Thursday, October 14, 2010

There is no Arizona

There are some friends who when you are around them you are a better person.  They are the iron that sharpens the iron of you.  They encourage, strengthen, and bless your life.  I have been blessed with a couple of those friends.  Even more blessed to have one live just around the corner from me.  

Homeschooling can be lonely.  Like anything worth doing in life it's hard, and it takes courage and often I need encouragement.  When you are surrounded by likeminded people it makes it that much easier to do.  When those likeminded people think in a different way than you do they help you see things from a different perspective and gain insight that you wouldn't find on your own. 

In the past six years my friend has challenged my by her own actions to get outside and take my kids sledding, skiing, iceskating, or just for a walk in the snow.  Our families have gone together and sometimes we've gone without the husbands.  Sometimes it's been with other families.  We've sat on the beach, walked through the woods,  skiied over trails, talked around campfires, played together, laughed together, lived. 

I know that what I have here is something special.  It's not everywhere.  Game nights filled with games, laughter, good food and prayer.  It's been my church.  For the last three years especially this group of homeschooling mom's has been my church. 

Tonight my world shifted. My dear friend is moving, soon, and far away, probably to Arizona.  Yeah, this is all about me right now.  Later I'll be able to be happy for them, excited even for the new adventure but tonight I just cry.  If I'd known this was our last summer I'd have made more of an effort to be with them more.  If I'd only known.  Hindsight is 20/20 I know.  I feel robbed and ache for this to not be true.  I ache for my children.  Her kids are some of their best friends. 
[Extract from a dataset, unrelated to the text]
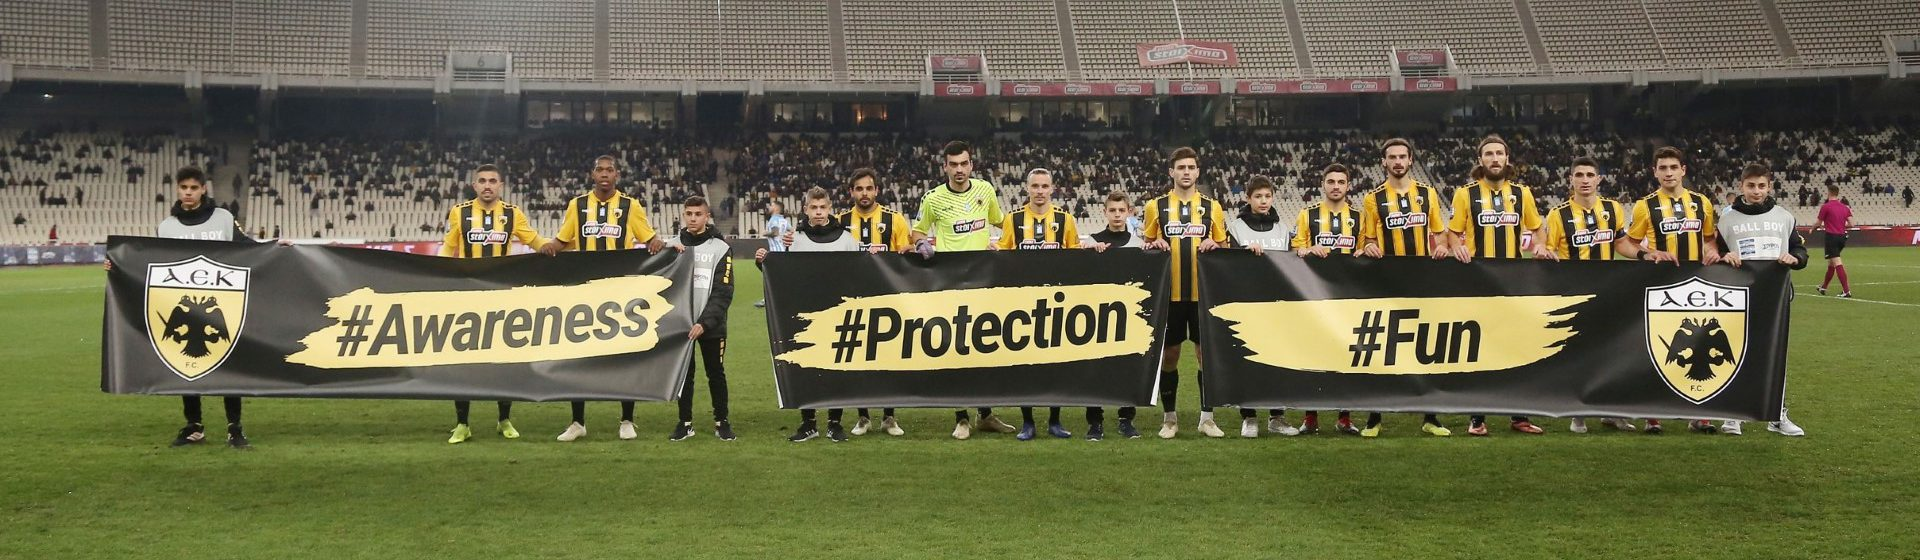 AEK FC ATHENS header

 I don't want to fathom a future where I don't get to watch those children grow into adults.  I don't want my children to not have these children in their future.  God is in control, He works all things together for good. I know that. But tonight I'm going to cry and it sounds a lot like a country song.  There is no Arizona. 

1 comment:

  1. i love you. and i'm praying...for your heart to feel peace through this and that you will feel Him near as you grieve.